Now that the classes that describe our domain's concepts and their restrictions have been defined, you can use Protégé's Instances tab to define these classes' instances. Like in Java, instances are specific entities of a given class, such as a specific Article. Protégé tremendously helps in the definition of instances, because it automatically generates graphical forms that contain text fields, radio buttons, check boxes, combo boxes, lists, and other widgets to make editing as convenient as possible. Figure 3 shows a sample form.

Figure 3. Protégé's instances editor. Forms like the one on the right are automatically generated from the class definition. Click on thumbnail to view full-size image.

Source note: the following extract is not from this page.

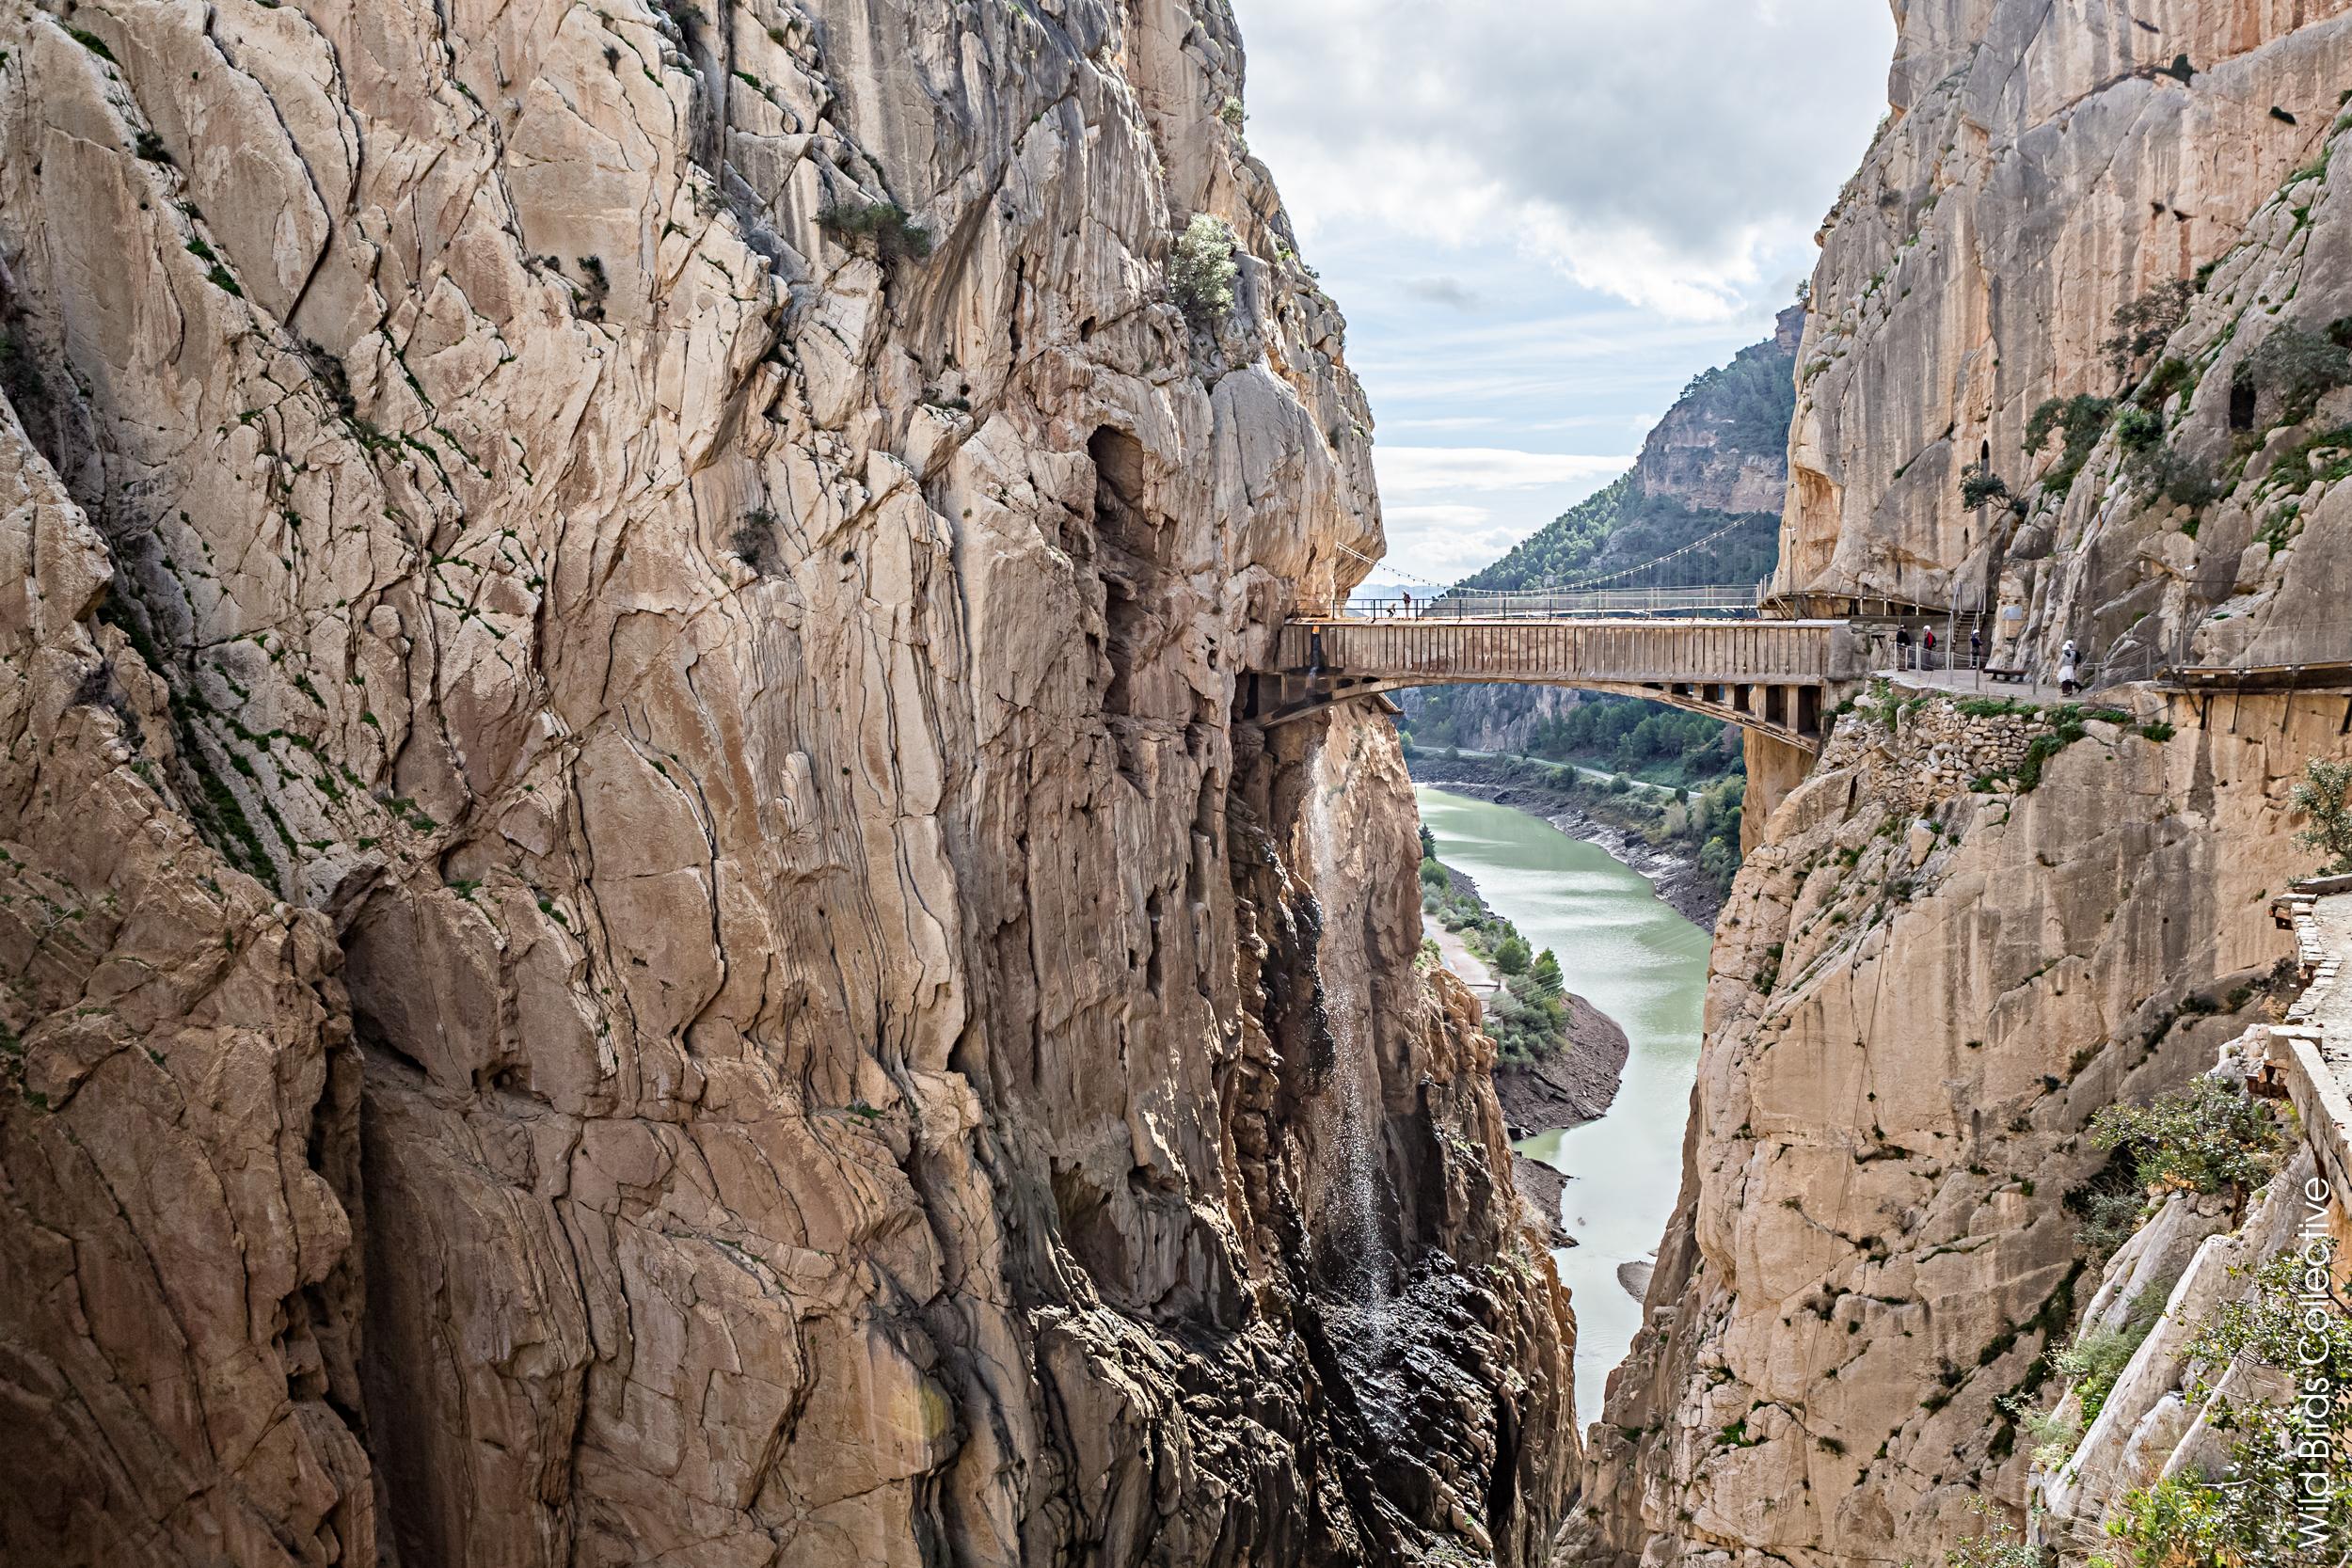 El Caminito del Rey : la via ferrata la plus dangereuse du monde

Using these forms, you or your domain expert can enter instances as soon as an initial draft of classes becomes available. There's no turnaround time between changing a class and getting the corresponding forms. A change to a class automatically rearranges its forms. Therefore, Protégé is excellent for rapid prototyping. You can try different variations of your class hierarchy before you start coding.

Of course the automatically generated forms are not always perfect, but you can change the types of widgets and their layout with little effort. Go to the Forms tab (shown in Figure 4) and select the class's form you wish to edit. Here, you drag and resize the widgets on the screen like in a Java IDE's GUI builder. You can specify that an author's about slot should be edited in a TextAreaWidget instead of a TextFieldWidget.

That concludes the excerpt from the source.